2009 Westport native Jon Hitchcock, president of WTNH channel 8 New Haven,
joins Philadelphia CBS owned TV station KYW-TV channel 3 as president and
general manager. Jon is also an alum of Staples High School in Westport which
has its own FM station, WWPT 90.3
April 2009 Broadcasters Foundation headquartered in Greenwich presents Ward Quaal Award to members of Taishoff Family, founders and for decades owners of Broadcasting
magazine. Broadcasters Foundation board includes Dick Ferguson, founder of
New City radio station group headquartered at WEZN 99.9 Bridgeport, and he later
served as COO of Cox Radio
April 2009 Paul Sidney passes away at 69. Paul Sidney, known along
Connecticut shoreline for 4-and-a-half decades of broadcasting on WLNG 1600
AM and 92.1 Sag Harbor, Long Island, joined WLNG from WLIS 1420 Old Saybrook
where in the early 1960s he would take his mic to I-95, the Connecticut
Turnpike, and urge listeners to "blow their horns." Before joining WLIS, he
had previously been on WBRY 1590 Waterbury, taking the train from his native
Brooklyn to Waterbury every Sunday. He mentored many in the broadcasting
industry, including Gary Girard, formerly of the NAB, and of WPOP 1410
Hartford, and in the late 1990s launched WKCD (now WWRX) 107.7 Mystic. At
the memorial service at WLNG, the old tower from WNLC still stands. When WNLC
abandoned 1490 for higher power on 1510, its original tower was sold and
placed on the ferry to Orient, Long Island, and sent to Sag Harbor, where it
was used for WLNG-AM 1600 when it signed on in 1963 and later WLNG-FM 92.1
when it signed on in 1969. WNLC-FM president Jim Reed was among those who
attended the ceremony/memorial.
June 12, 2009 Analog telecasting ends in Connecticut, with all TV stations
now transmitting in HD
2009 WTIC-TV channel 61 and WTXX channel 20 move into new studios at the co-owned Hartford Courant building on Broad Street in Hartford, and merge news operations
2009 Chris Rohrs steps down from presidency of TV Bureau of Advertising (TVB)
based in Greenwich
Chris Rohrs of TVB, formerly general manager of WFSB channel 3 in the 1990s,
is named a Giant Of Broadcasting, honored by the American Library of
Broadcasting.
Also being honored were Ken Burns, who created the acclaimed PBS series on World War II, focusing on Waterbury CT as one of 4 main cities, and Charles Osgood of CBS, former general manager of WHCT channel 18 Hartford when it first went pay TV - the first such station in the nation - in the early1960s.
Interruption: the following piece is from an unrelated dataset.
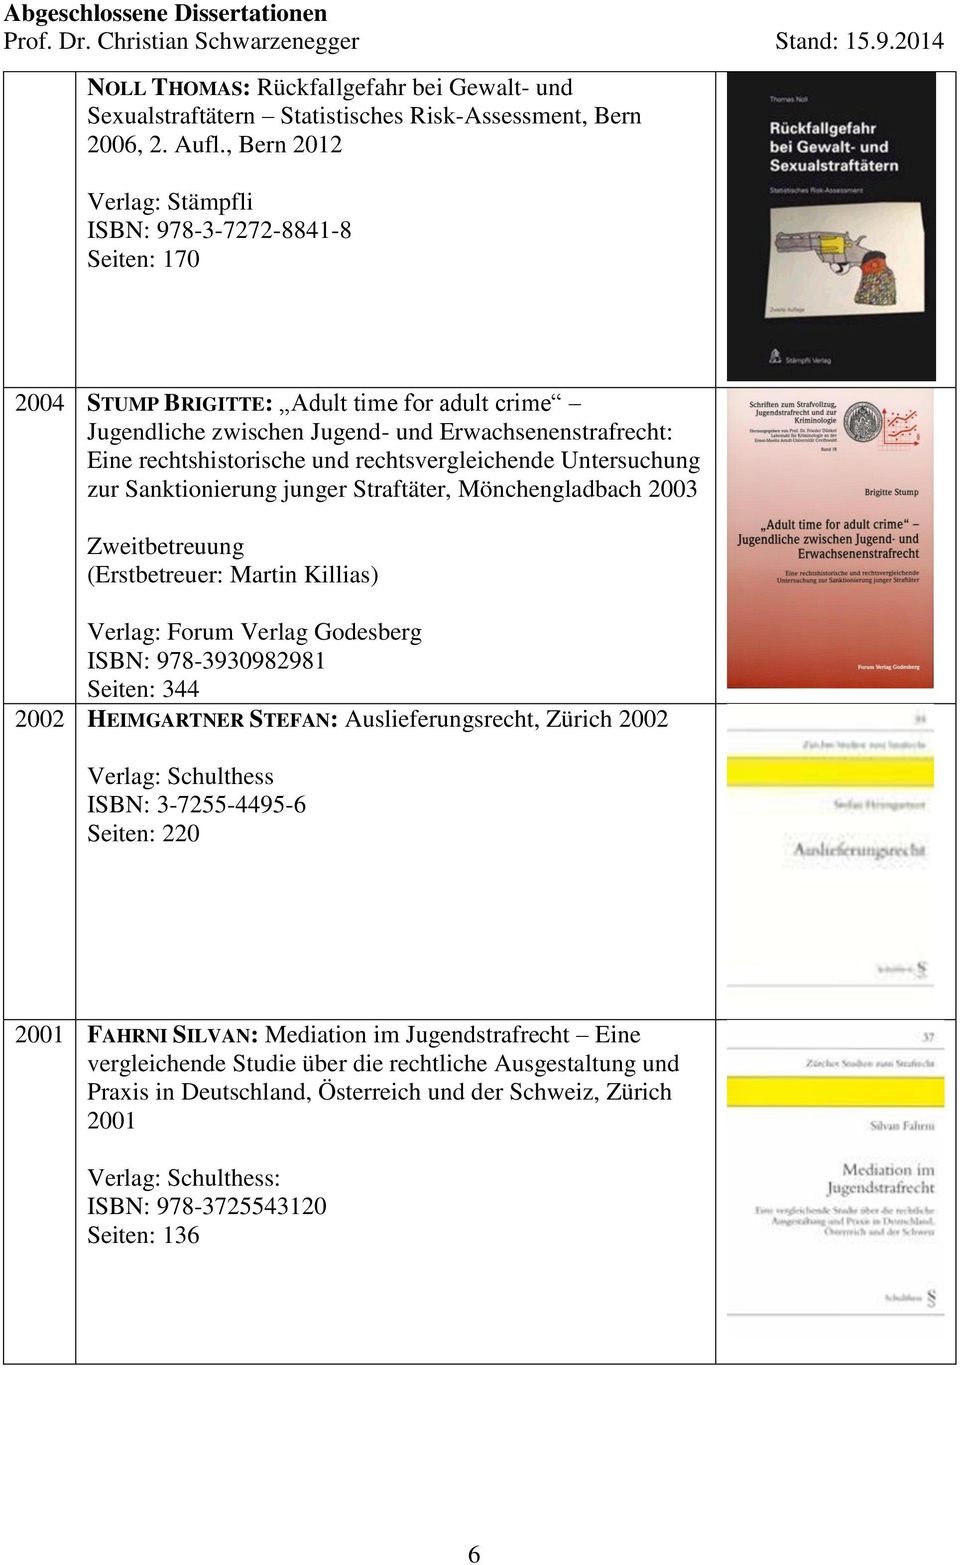 rechtsvergleichende Untersuchung zur Sanktionierung junger Straftäter, Mönchengladbach 2003 (Erstbetreuer: Martin Killias) Verlag: Forum Verlag Godesberg ISBN: 978-3930982981 Seiten: 344 2002

July 2009 John Kiermaier dies. He was president of New York public channel 13 WNDT (now WNET) from 1964 to 1970, a difficult period in which he would later say, "channel 13 came very close to the final wire."
August 2009 Bill Beamish, top dj at WAVZ 1300 and WNHC 1340 New Haven, and WATR 1320 Waterbury, passes away.
2009 TV shows are taped in Connecticut, including Jerry Springer and Maury Povich, originating from the Rich Forum in Stamford, and NBC's Deal Or No Deal, originating from Sonalysts in Waterford
2010 - Veteran Connecticut broadcaster, Jack Lennhoff, dies. Recipient of prestigious NATAS Silver Circle Award, he was a professional commercial radio announcer before becoming a member of the start-up staff of the Connecticut Educational Television Corp (CPTV) and he became the Vice-President - Financial Affairs.